<<<<

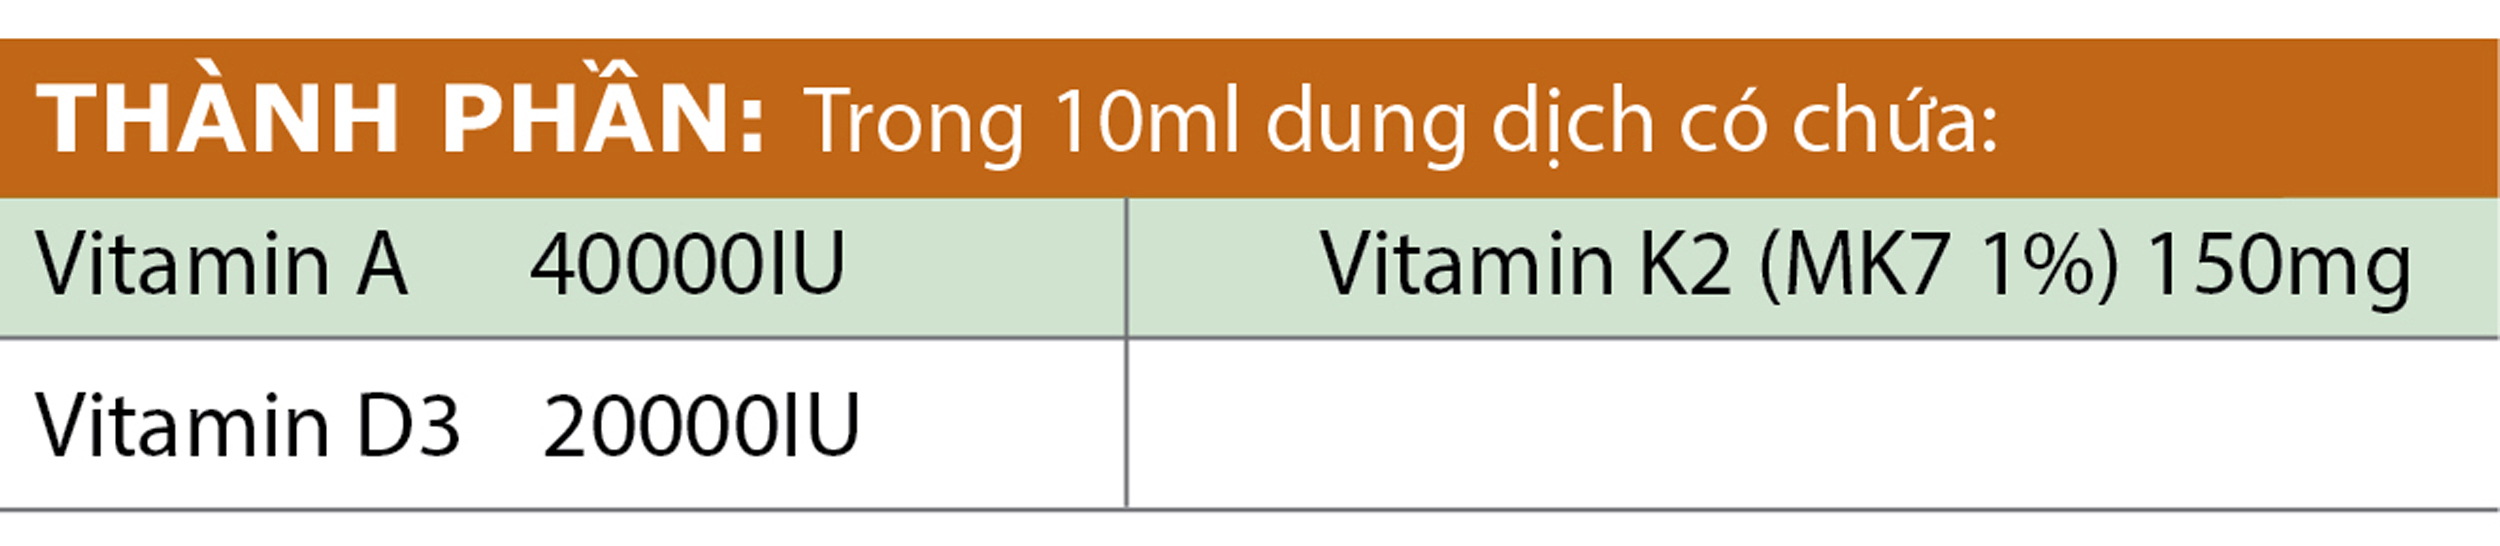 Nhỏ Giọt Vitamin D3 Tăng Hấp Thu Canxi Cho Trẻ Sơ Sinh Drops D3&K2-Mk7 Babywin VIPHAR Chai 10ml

>>>>
<<<<

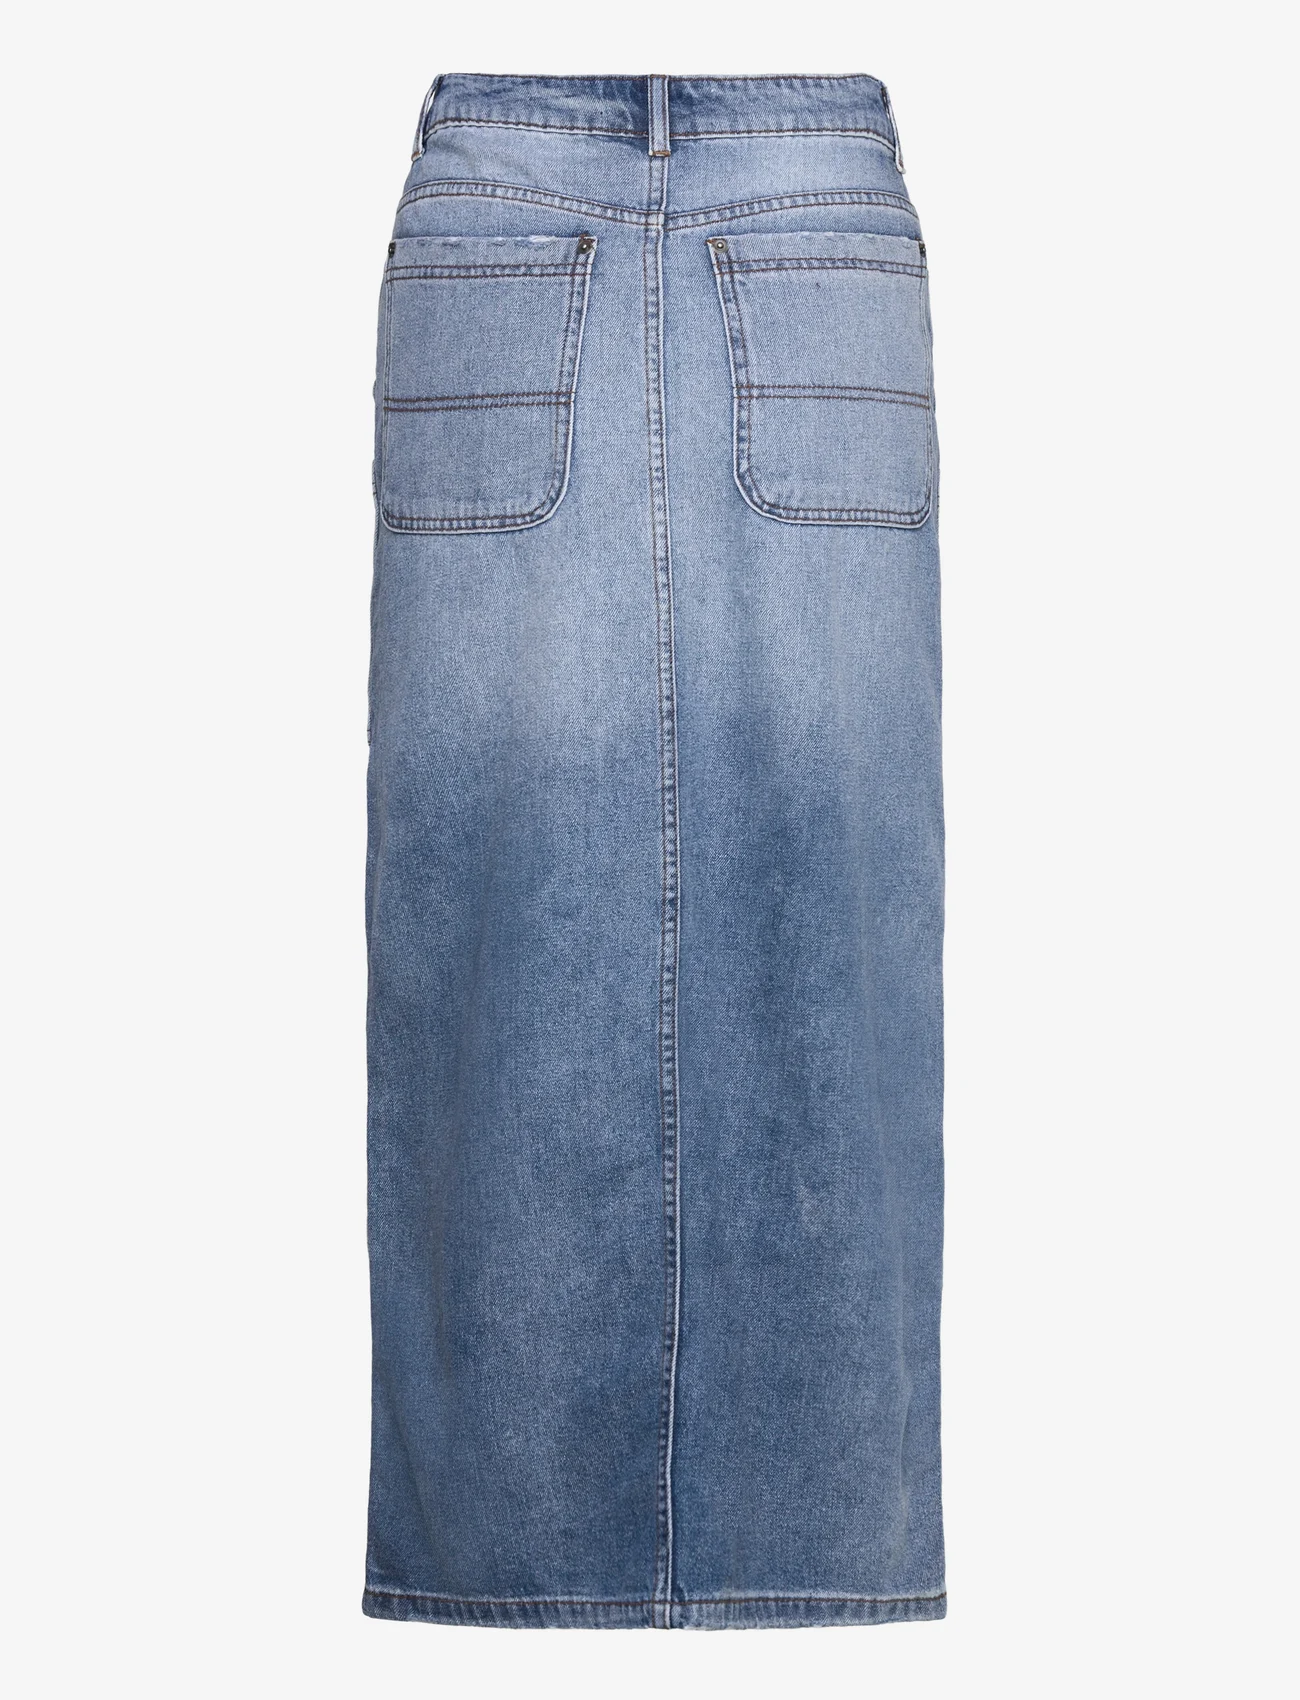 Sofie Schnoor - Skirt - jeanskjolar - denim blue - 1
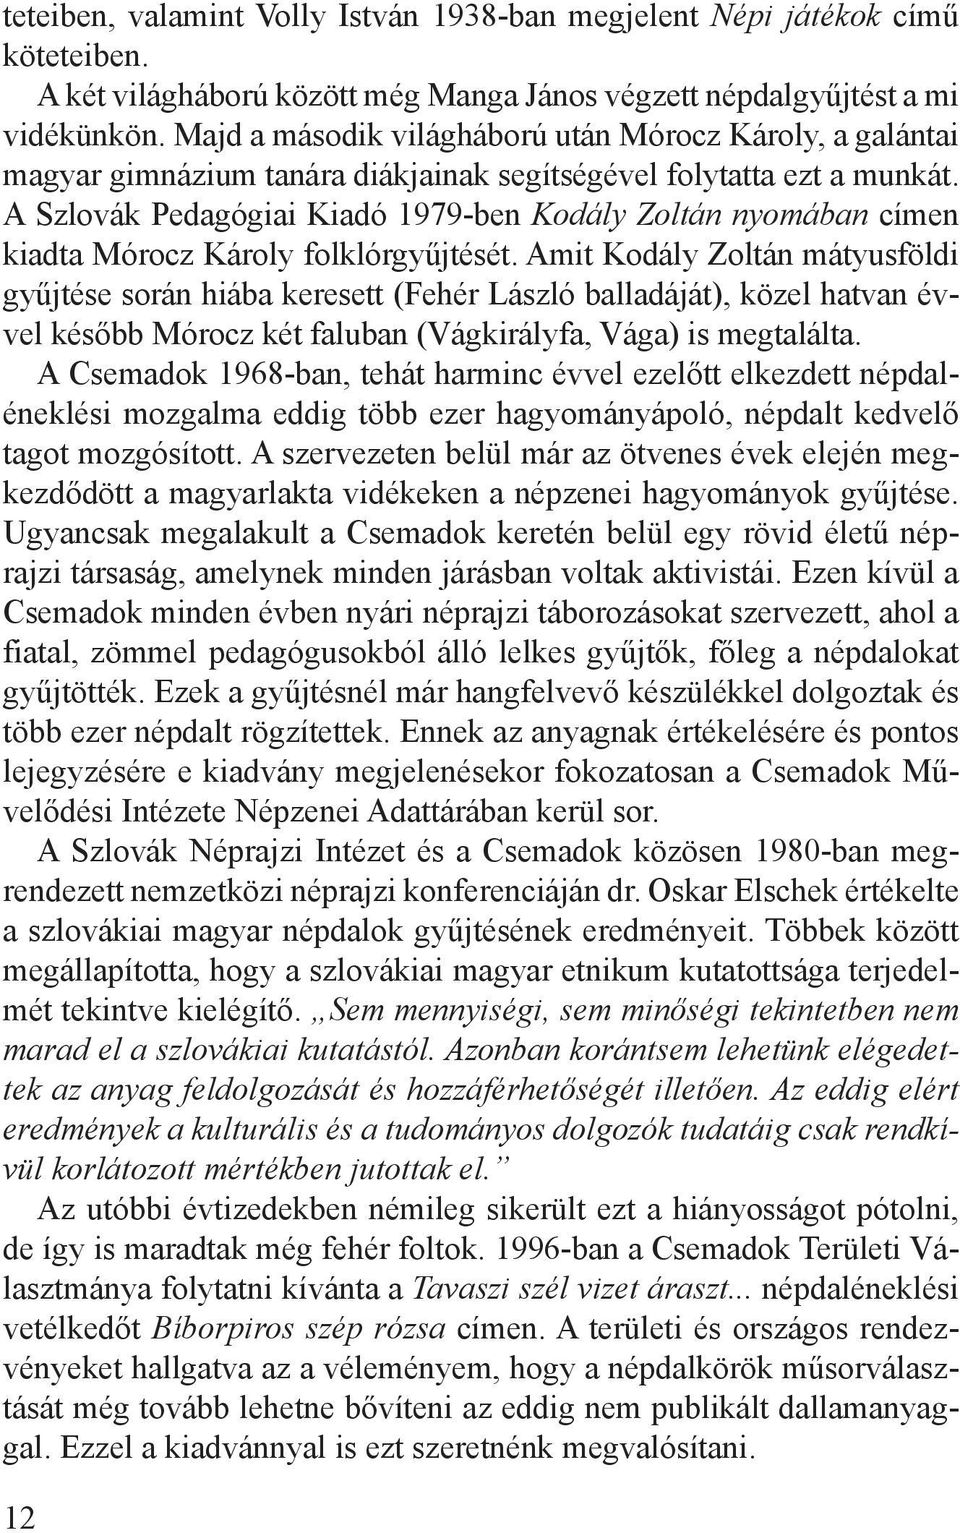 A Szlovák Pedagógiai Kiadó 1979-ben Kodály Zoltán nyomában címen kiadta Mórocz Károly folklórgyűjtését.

>>>>
<<<<

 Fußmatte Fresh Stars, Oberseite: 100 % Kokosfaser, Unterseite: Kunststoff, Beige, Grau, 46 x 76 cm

>>>>

**WORK ORDER:**
From the material above, give again exactly the lines from the one that contains "Sofie Schnoor - Skirt" through the one that contains "A Szlovák Pedagógiai", and leave out the pictures.

**FINISHED TASK:**
 Sofie Schnoor - Skirt - jeanskjolar - denim blue - 1
 A Szlovák Pedagógiai Kiadó 1979-ben Kodály Zoltán nyomában címen kiadta Mórocz Károly folklórgyűjtését.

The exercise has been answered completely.